- Directed by: Quentin Dupieux
- Written by: Quentin Dupieux
- Produced by: Gregory Bernard; Josef Lieck; Diane Jassem; Sergey Selyanov; Daniel Goroshko;
- Starring: Mark Burnham; Éric Judor; Steve Little; Marilyn Manson; Arden Myrin; Eric Wareheim; Jon Lajoie; Ray Wise;
- Cinematography: Quentin Dupieux
- Edited by: Quentin Dupieux
- Music by: Mr. Oizo
- Production company: Realitism Films
- Distributed by: UFO Distribution (France)
- Release date: January 20, 2013 (Sundance Film Festival);
- Running time: 94 minutes
- Countries: France United States
- Language: English

= Wrong Cops =

Wrong Cops is a 2013 French-American independent comedy film written and directed by Quentin Dupieux. The ensemble film premiered at the 2013 Sundance Film Festival. It features an ensemble cast including Éric Judor, Mark Burnham, Arden Myrin, Steve Little, Jon Lajoie, Jack Plotnick, Ray Wise, Kurt Fuller, Eric Wareheim, Grace Zabriskie and Marilyn Manson.

==Premise==
In the not very distant future, where crime has been completely eradicated, a group of crooked cops look to dispose of a body that one of them accidentally shot.

==Cast==
- Mark Burnham as Officer Duke
- Éric Judor as Officer Rough
- Steve Little as Officer Sunshine
- Eric Wareheim as Officer De Luca
- Arden Myrin as Officer Holmes
- Brandon Beemer as Officer Brown
- Jon Lajoie as Officer Regan
- Ray Wise as Captain Andy
- Marilyn Manson as David Delores Frank
- Daniel Quinn as Neighbor
- Hillary Tuck as Kylie
- Isabella Palmieri as Rose
- Jennifer Blanc as Ruth
- Agnes Bruckner as Julia Kieffer
- Kurt Fuller as Music Producer
- Eric Roberts as Bob
- Steve Howey as Sandy / Michael
- Grace Zabriskie as Donna
- Jack Plotnick as Dolph Springer

==Production==
The first trailer was launched on November 22, 2013. Executive Producer was Gregory Bernard and the film was produced by Diane Jassem, Sergey Selyanov, Daniel Goroshko and Josef Lieck for Realitism Films.

==Critical reception==
From Christie Ko of ScreenCrave:

Marilyn Manson wanted to shoot something with Mr. Dupieux and this is what came out. It's funny, disturbing, and unabashedly wrong.
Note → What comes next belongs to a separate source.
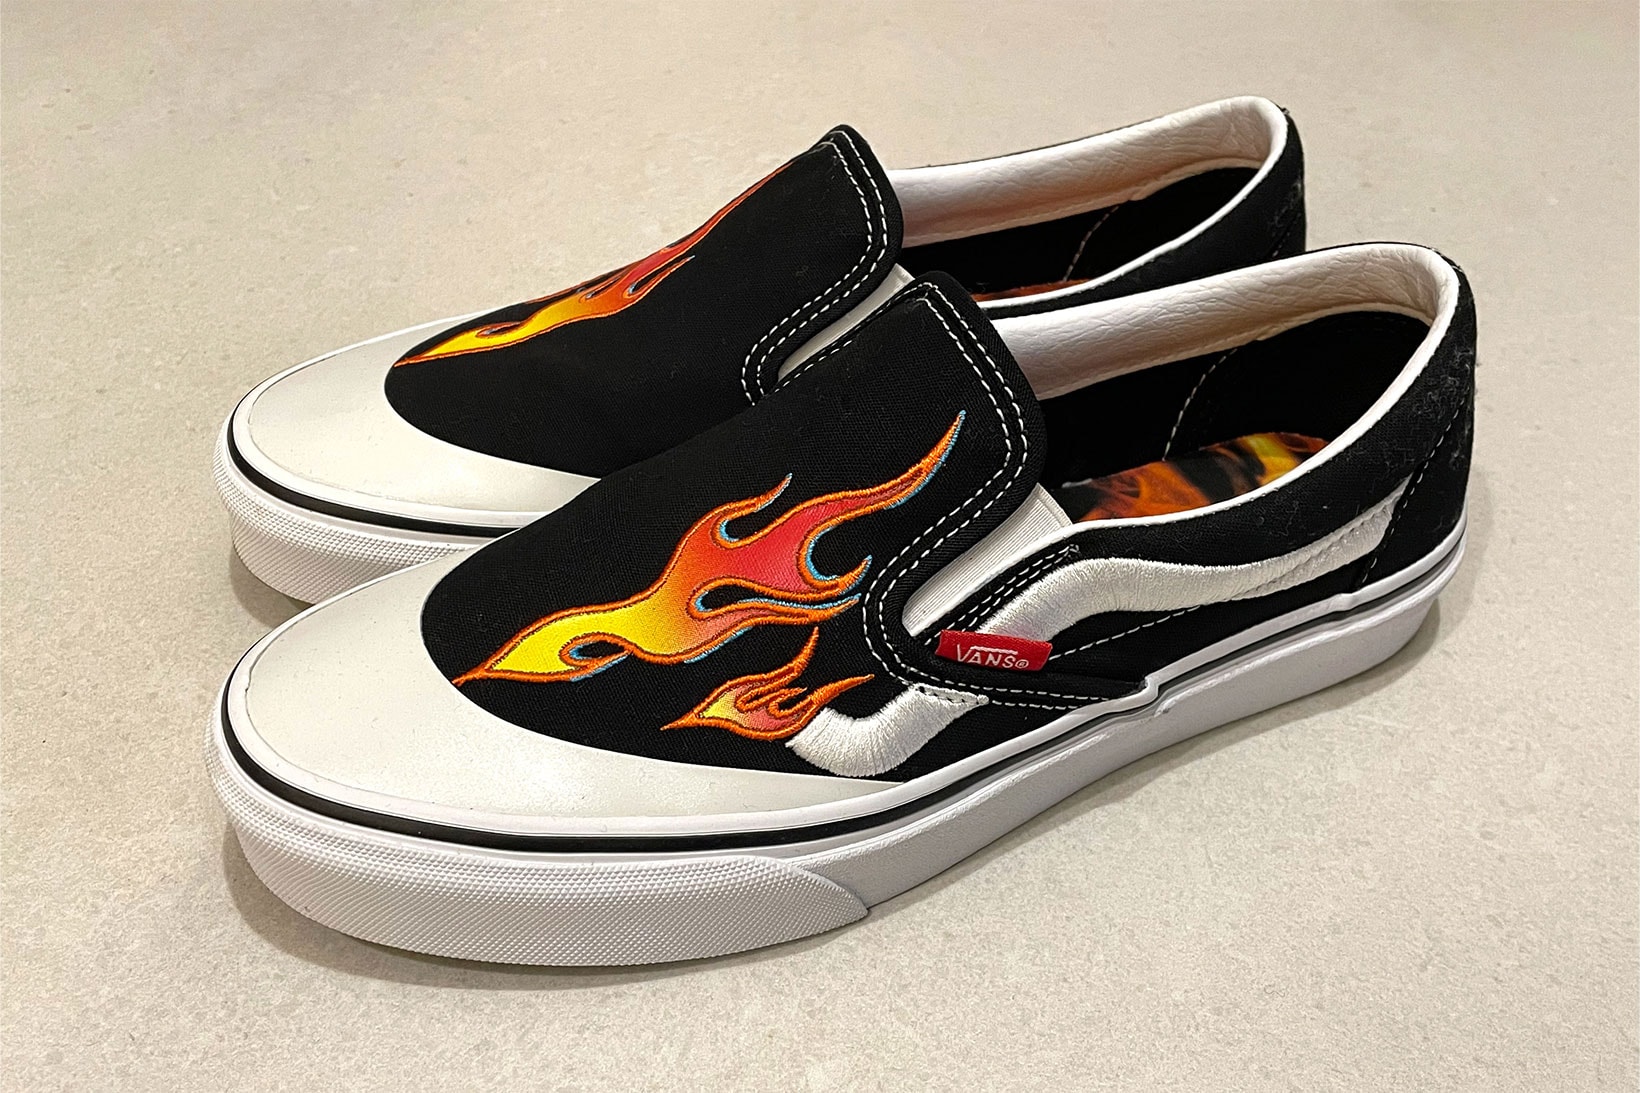 Vans PacSun ASAP Rocky Third Collaboration Slip On Sneakers

From Alex Koehne of Twitch:

Wrong Cops certainly has a sense of humor that isn't for anyone. If you like the exploitation films of the 70's and 80's, the abstract ridiculousness of Tim and Eric and Monty Python, the violence of grind-house cinema and the homespun stylings of web series and Funny or Die sketches, then you are primed and ready to love Wrong Cops. If Family Circus is your favorite comic, then you should steer clear.
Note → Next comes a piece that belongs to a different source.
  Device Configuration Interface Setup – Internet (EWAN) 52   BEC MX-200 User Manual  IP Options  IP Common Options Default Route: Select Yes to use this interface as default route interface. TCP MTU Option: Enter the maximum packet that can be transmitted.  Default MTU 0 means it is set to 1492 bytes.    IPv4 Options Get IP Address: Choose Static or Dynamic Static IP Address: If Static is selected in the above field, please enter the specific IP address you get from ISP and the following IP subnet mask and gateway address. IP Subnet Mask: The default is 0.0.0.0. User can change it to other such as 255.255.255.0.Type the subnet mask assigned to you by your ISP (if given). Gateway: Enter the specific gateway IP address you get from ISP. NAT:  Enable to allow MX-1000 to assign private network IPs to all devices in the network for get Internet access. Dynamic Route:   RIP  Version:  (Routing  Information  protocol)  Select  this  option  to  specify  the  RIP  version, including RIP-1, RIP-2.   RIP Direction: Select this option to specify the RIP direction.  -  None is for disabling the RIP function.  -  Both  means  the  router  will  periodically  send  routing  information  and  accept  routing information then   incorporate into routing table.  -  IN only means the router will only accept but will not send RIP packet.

From Scott Menzel of We Live Film did not care for the film:

I can only hope that Wrong Cops isn't what is next to come from the director and is simply a speed bump in his career. This is probably one of the most painfully unfunny and longest 45 minutes that I have ever had to sit through in quite sometime. It is without a doubt the worst film that I saw at Sundance 2013.